Turkish and Hungarian are only partially supported.

As the supported languages ​​are now widely used in Western Europe , America and Australia , it is the dominant 8-bit character encoding everywhere. It is also widespread in parts of Africa where the Arabic script is not used, although some special characters are often missing, but they are not available in any other 8-bit encoding, see e.g.
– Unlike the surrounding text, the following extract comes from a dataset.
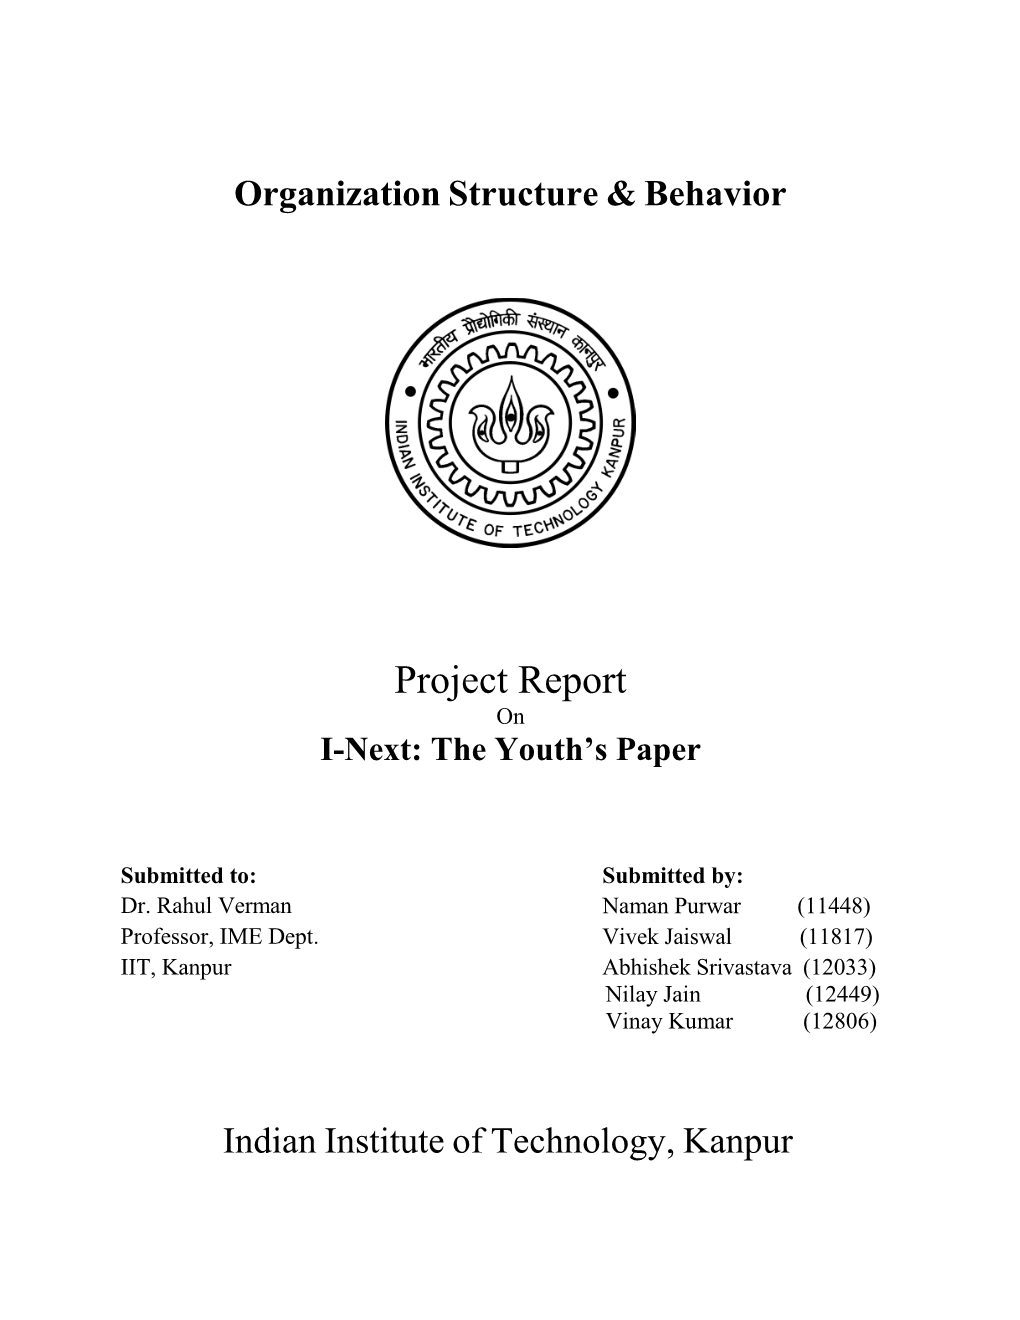 Project Report on I-Next: the Youth’S Paper

B. Pannigerian alphabet .

Use of diacritical marks
code … 0 …1 … 2 … 3 … 4 … 5 … 6 … 7 …8th … 9 … A … B ... C … D … E ... F
C ... / E ... À / à Á / á Â / â Ã / ã Ä / Ä Å / å Æ / æ Ç / ç È / è É / é Ê / ê Ë / ë Ì / ì Í / í Î / î Ï / ï
fra, ita, cat, por, sco fao, gle, isl, por, spa fra, por, wln por deu, eng, est, fin, swe dan, fin, nor, swe, wln dan, eng, fao, fra, isl, nor alb, fra, cat, por, wln afr, fra, ita, cat, sco, wln afr, fra, gle, isl, ita, cat, por, spa, wln afr, fra, por, wln afr, alb, tight, fra sco fao, fra, gle, isl, cat, por, spa afr, wln afr, eng, fra, cat
D ... / F ... Ð / ð Ñ ​​/ ñ Ò / ò Ó / ó Ô / ô Õ / õ Ö / ö Ø / ø Ù / ù Ú / ú Û / û O / o Ý / ý Þ / þ ß / ÿ
fao, isl baq, spa ita, cat, sco fao, gle, isl, cat, por, spa afr, fra, por, wln est, por deu, eng, est, fin, isl, swe dan, fao, nor fra, ita, sco fao, gle, isl, cat, por, spa afr, fra, wln deu, eng, est, fra, cat, por, spa fao, isl isl deu, est, fra, nld

See also

Web links

Individual evidence

  1. HTML 5.1 Nightly Editor's Draft February 19, 2013, 8.2.2.2 Character encodings , accessed February 19, 2013.
  2. Character encoding w3techs.com.
  3. Faq w3techs.com.
  4. ECMA (Ed.): Standard ECMA-94: 8-Bit Single-Byte Coded Graphic Character Sets . 2nd Edition. June 1984 ( ecma-international.org [PDF; 2.7 MB ; accessed on January 4, 2008]).